Water purification accounts according to SEEA-EA

The difference in production costs of drinking water from groundwater and surface water depended on the model specification. It ranged between 0.078 and 0.093 EUR/m3. For the groundwater purification valuation, we used the cost difference of the model with significant variables only, which was 0.085 EUR/m3 (the unit value of the service). The amount of drinking water produced from groundwater was 274,032 km3 in 2018. Hence, the value of groundwater purification was 23.16 M EUR.

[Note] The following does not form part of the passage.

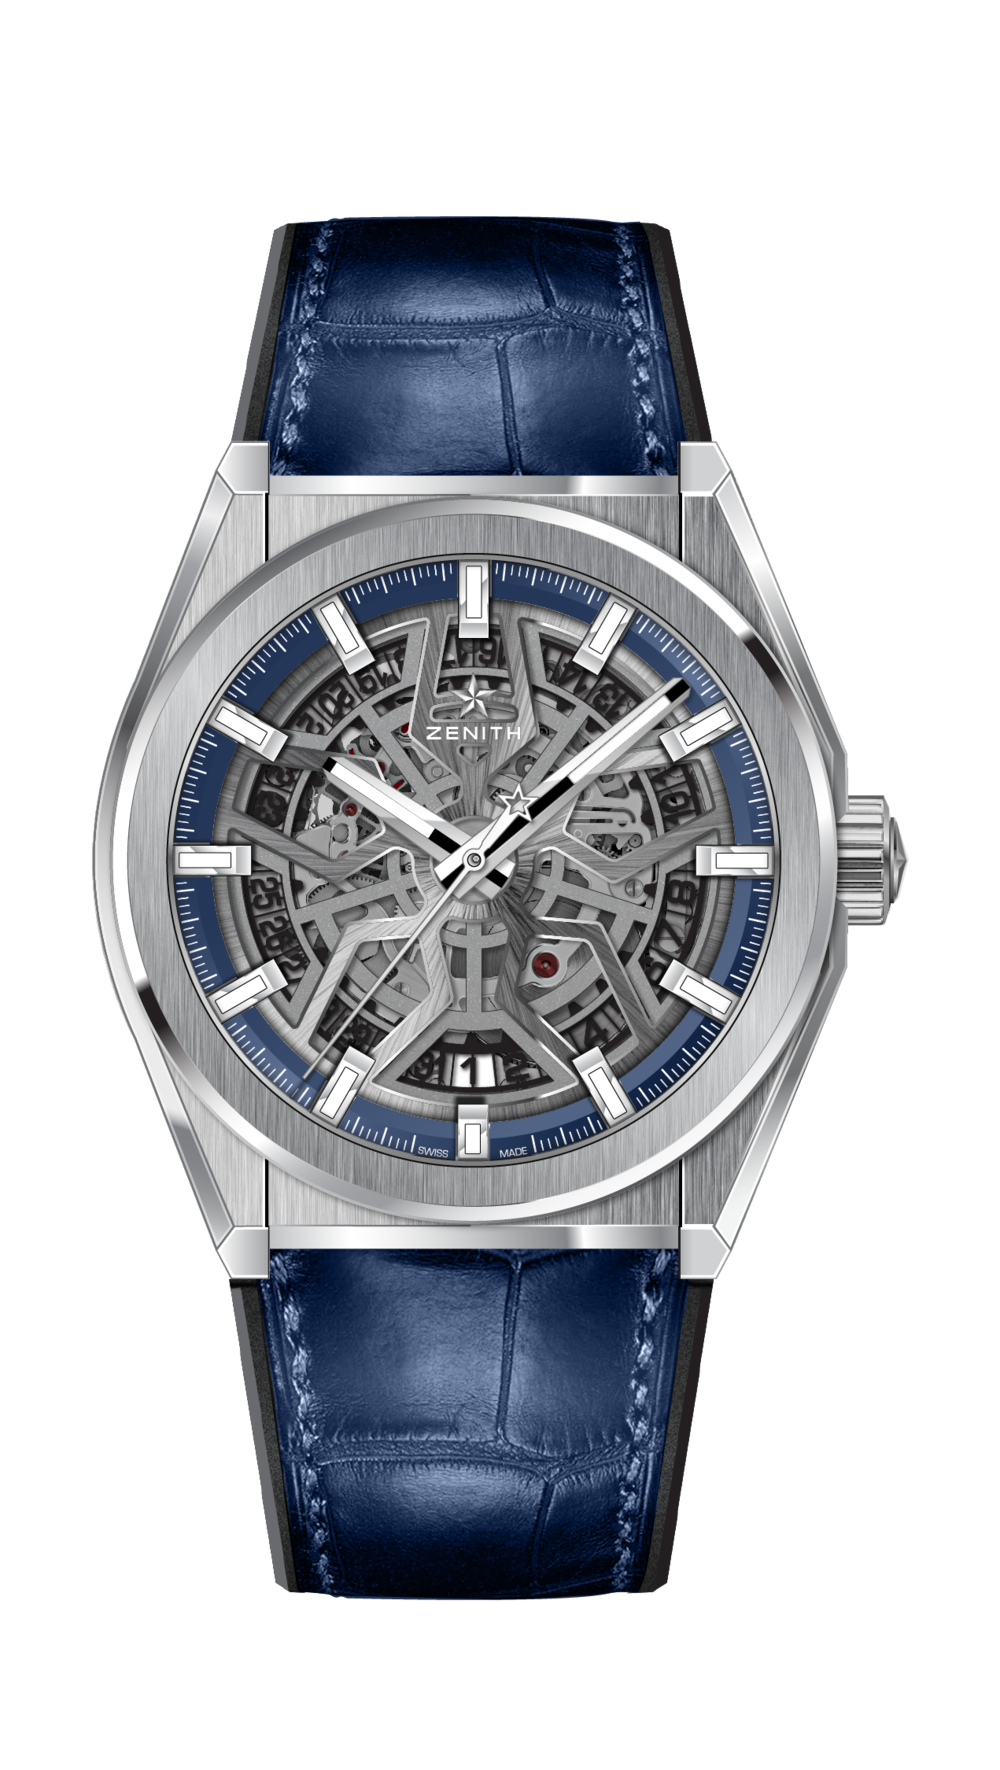 Showing at WatchTime New York 2018: Zenith Defy Classic Collection
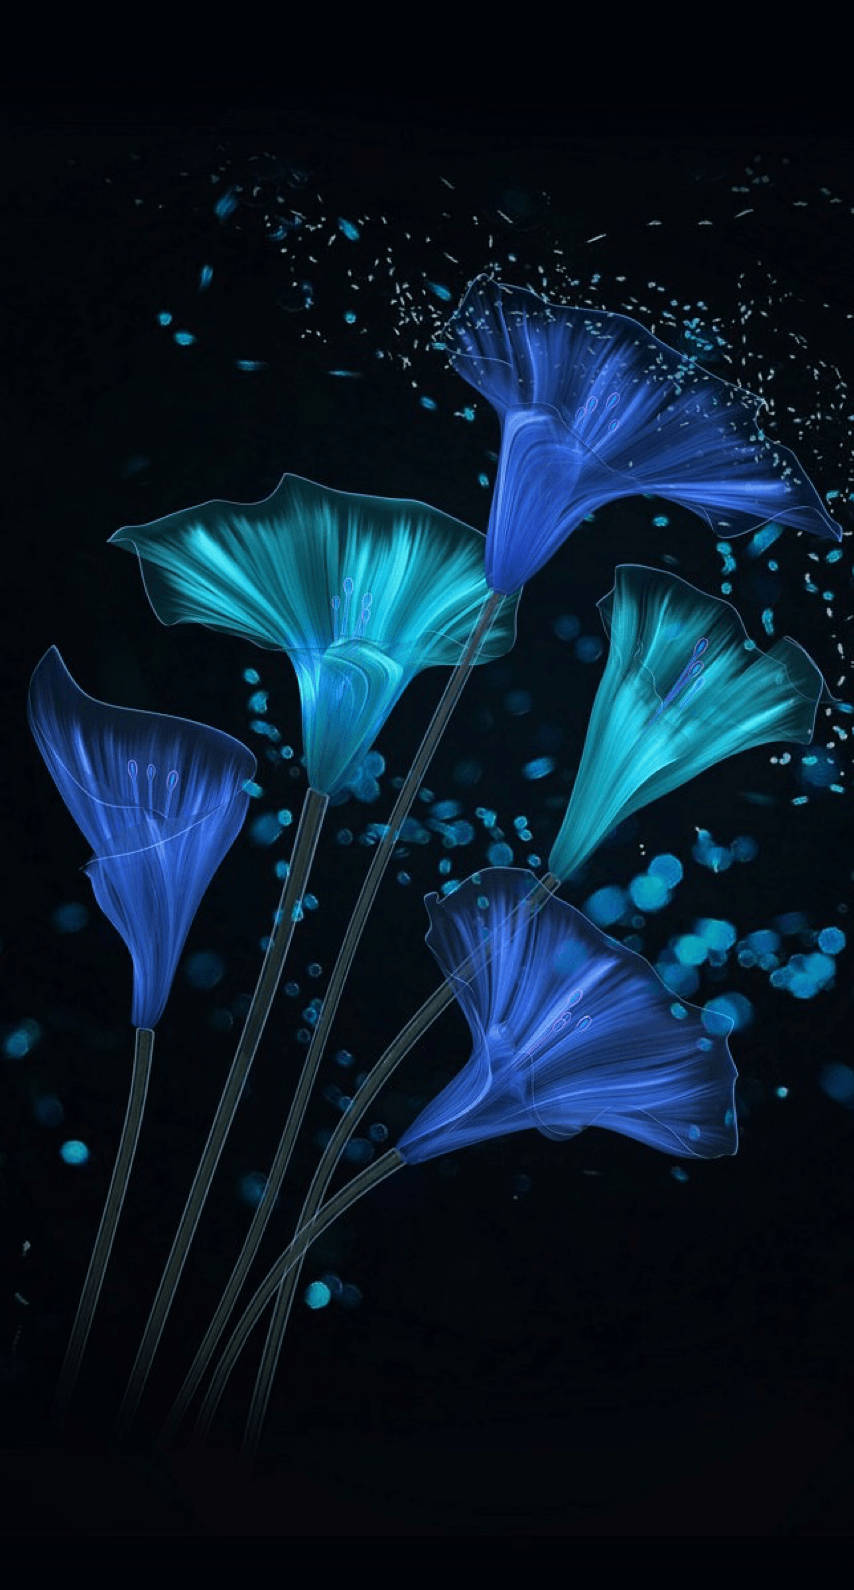 Mobile wallpaper Frame Flower Glow Bright Neon 3D 120552 download  the picture for free

Next, monetary supply and use tables were set up (Tables 2, 3). Drinking water producers are the only user of the groundwater purification service (Use Table), while different ecosystems surround groundwater mining sites (Supply Table). The highest value of groundwater purification was attributed to cropland (41%). Woodland and forest accounted for 29% of the value of groundwater purification. Urban ecosystems, heathland and shrub and grassland accounted for 11%, 10% and 8%, respectively.

Table 2.

Supply monetary account for drinking water purification

Ecosystem types

Measurement units

Cropland

Woodland and forest

Urban

Heathland and shrub

Grassland

Rivers and lakes

Wetlands

Sparsely vegetated areas

TOTAL SUPPLY

Ecosystem service

Groundwater purification

K EUR/year

9,533

6,746

2,626

2,274

1,806

274

31

2

23,293

Total

23,293

Table 3.

Use monetary account for drinking water purification

Institutional sector

Measurement units

agriculture

forestry

fisheries

mining and quarrying

manufacturing

construction

electricity, gas supply

water collection, treatment, supply

other industries

households

TOTAL USE

Ecosystem service

Groundwater purification

K EUR/year

23,293

23,293

Total

23,293

23,293

The Supply Table (Table 2) indicated that 41% of the buffer zones are covered with cropland, while 29% with forests, which is less than the national average i.e. 48% for cropland and 35% for forests (EEA 2020). At the same time, 11% and 10% of buffer zones were covered with urban ecosystems and heathland and shrub, respectively, while the national average is 6% and 0.02%, respectively. The difference for the rest of the ecosystems was smaller (Suppl. material 2). This indicated that groundwater mining sites are often located in urban areas. It should be noted that water can infiltrate elsewhere than in the buffer zones and, hence, different ecosystems can be responsible for water purification from those near abstraction points (and hence stated in the Supply Table). Hence, either detailed groundwater modelling is needed to attribute the exact ecosystems to groundwater purification or further research is needed on how to attribute the ecosystems to groundwater mining sites without groundwater modelling.

Discussion and Conclusion

It is necessary to understand the factors affecting drinking water treatment costs for designing cost-efficient public water systems. Moreover, the monetary valuation of the groundwater purification services, which have not been assessed to a great extent yet, would help to improve decision-making processes. This paper contributes to the existing literature by analysing the determinants of the drinking water production costs and estimating the value of the groundwater purification service in the Czech Republic.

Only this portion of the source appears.